Ow wow lemongrass and ginger with ground thyme...........Very nice


----------



## soapbubble (Feb 21, 2010)

all beautiful and the sugar scrub looks really inviting!!


----------



## BJBJ (Jul 23, 2010)

*mold?*

These are really pretty colors! I am very new-but the one rectangular one in the lav amarillo hops pic is the exact shape I have been searching for-did you use a mold? Or did you just bevel it? I can't seem to find a mold for that shape (it's not exactly rectangular, not exactly square....) Thanks!


----------



## tespring (Jul 23, 2010)

Those are lovely, good job!


----------



## Jezzy (Jul 28, 2010)

That sugar scrub is awesome! Would you share how you did that? Really cool!
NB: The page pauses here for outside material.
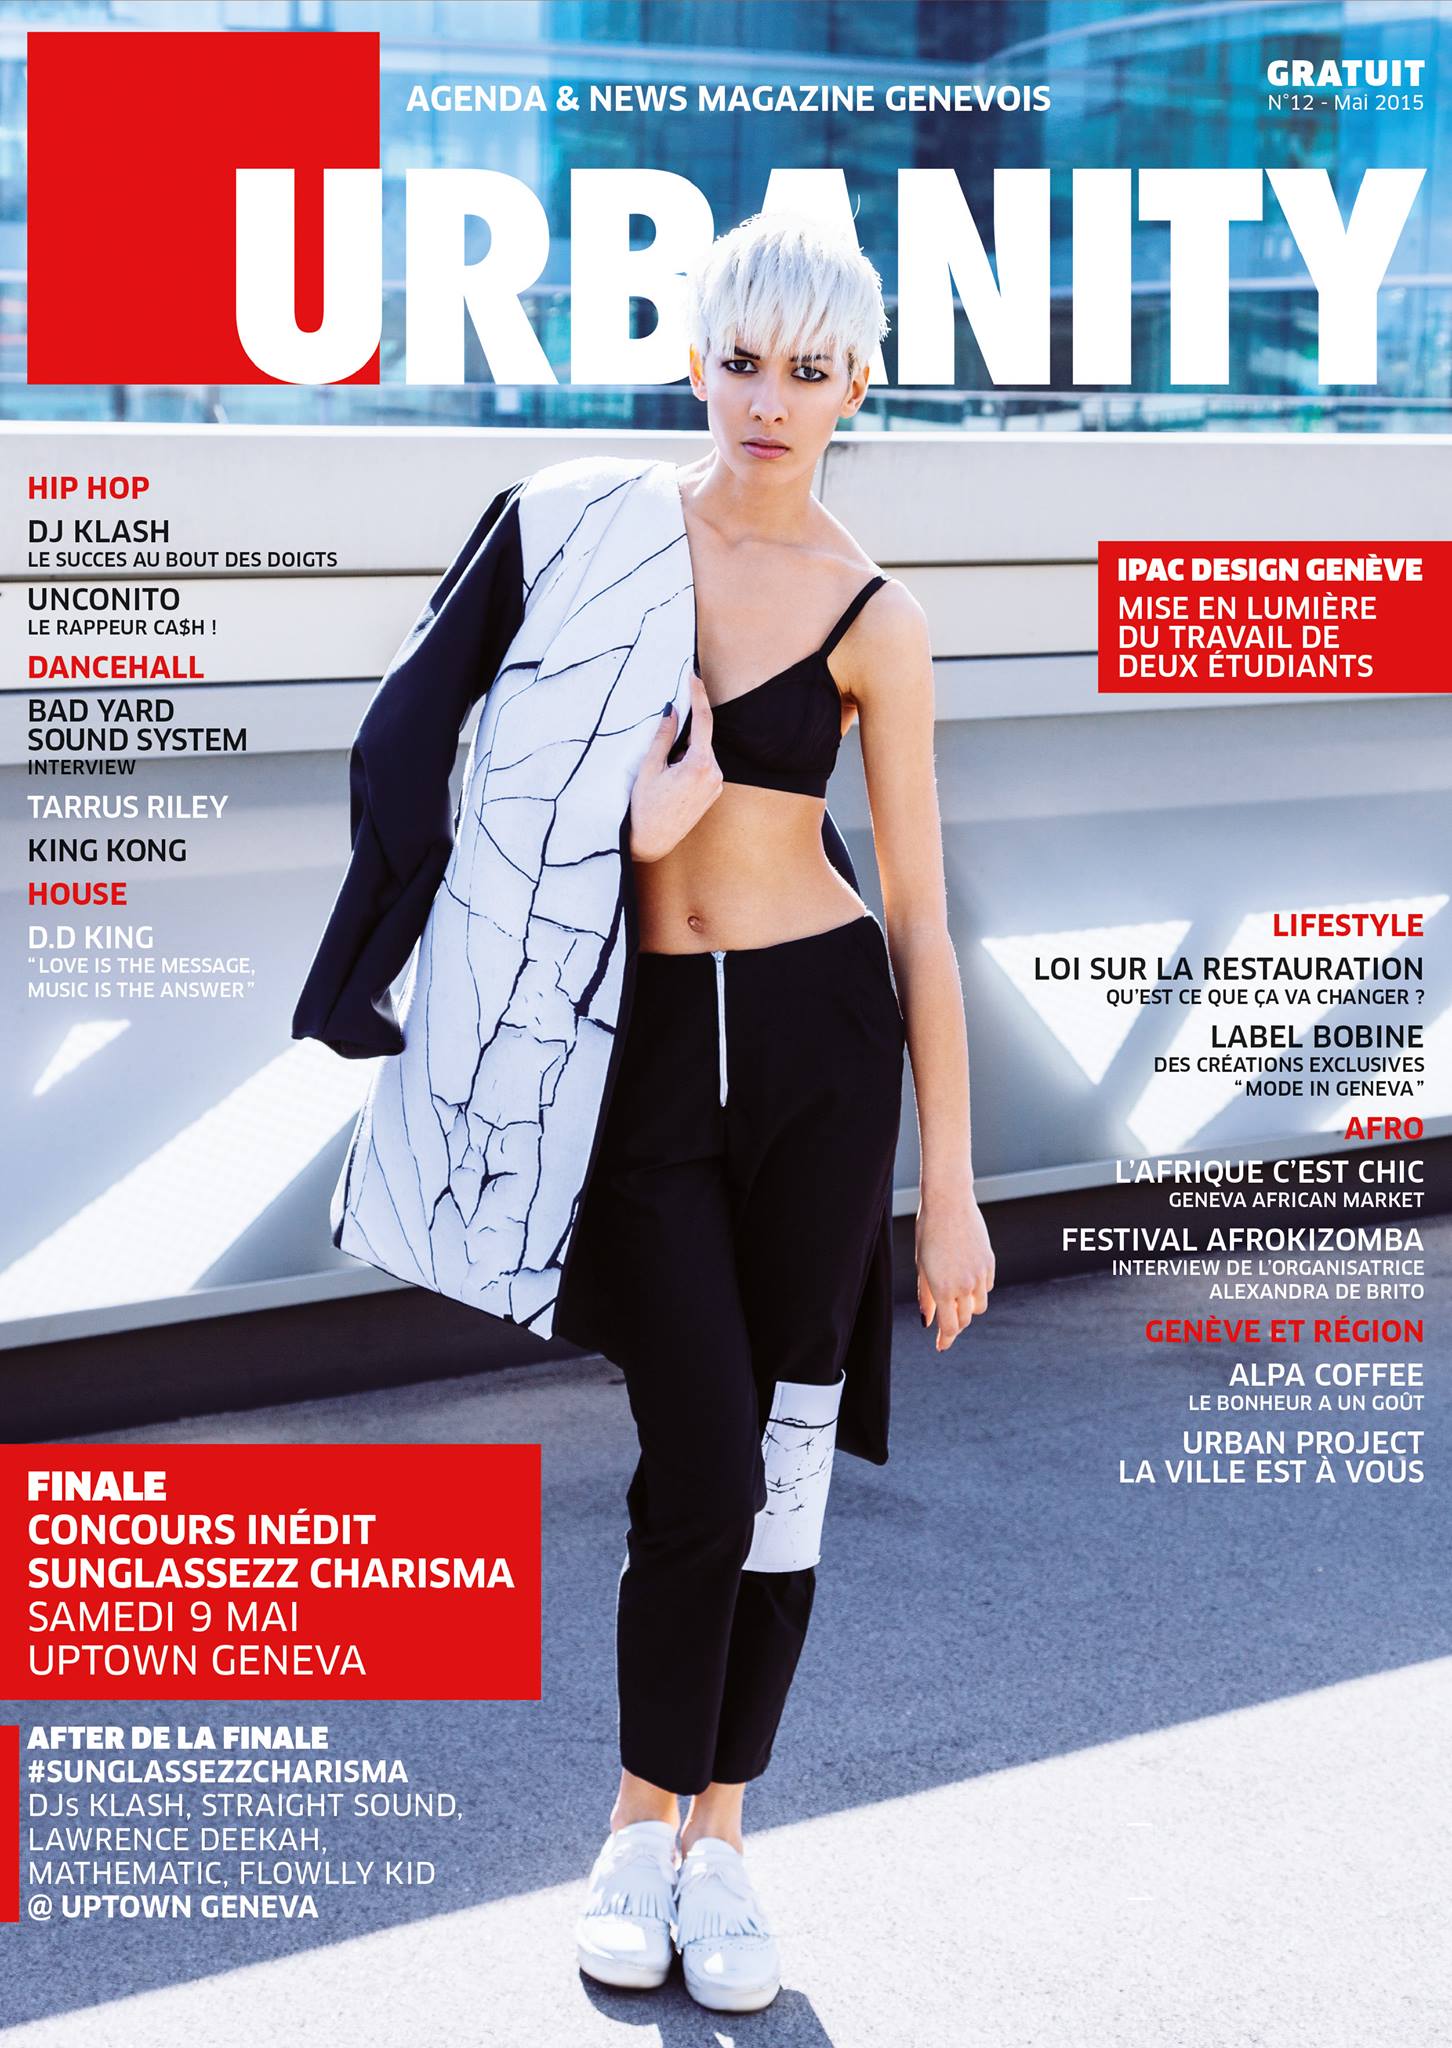 thepurpleside-graphiste-freelance-geneve-urbanity-magazine-cover-ipac-design-geneve

All the others are nice too!


----------



## Sunny (Jul 28, 2010)

The sugar scrub looks delicious, like a little slice of cake. nom! congrats on all your great looking goodies


----------



## Best Natural Soap (Jul 28, 2010)

Yum!! The sugar scrub reminds me of a coffee cake with streusel topping!!
What's the scent?


----------



## fionab (Jul 29, 2010)

The lavender and amarilo (spelling?) are my faves. Excellent colour.


----------



## Hazel (Jul 29, 2010)

They're all wonderful but I agree that the sugar scrub one looks edible.


----------



## NancyRogers (Jul 30, 2010)

Very nice!  I love the diagonal on the lemongrass and ginger.  Very pretty!


----------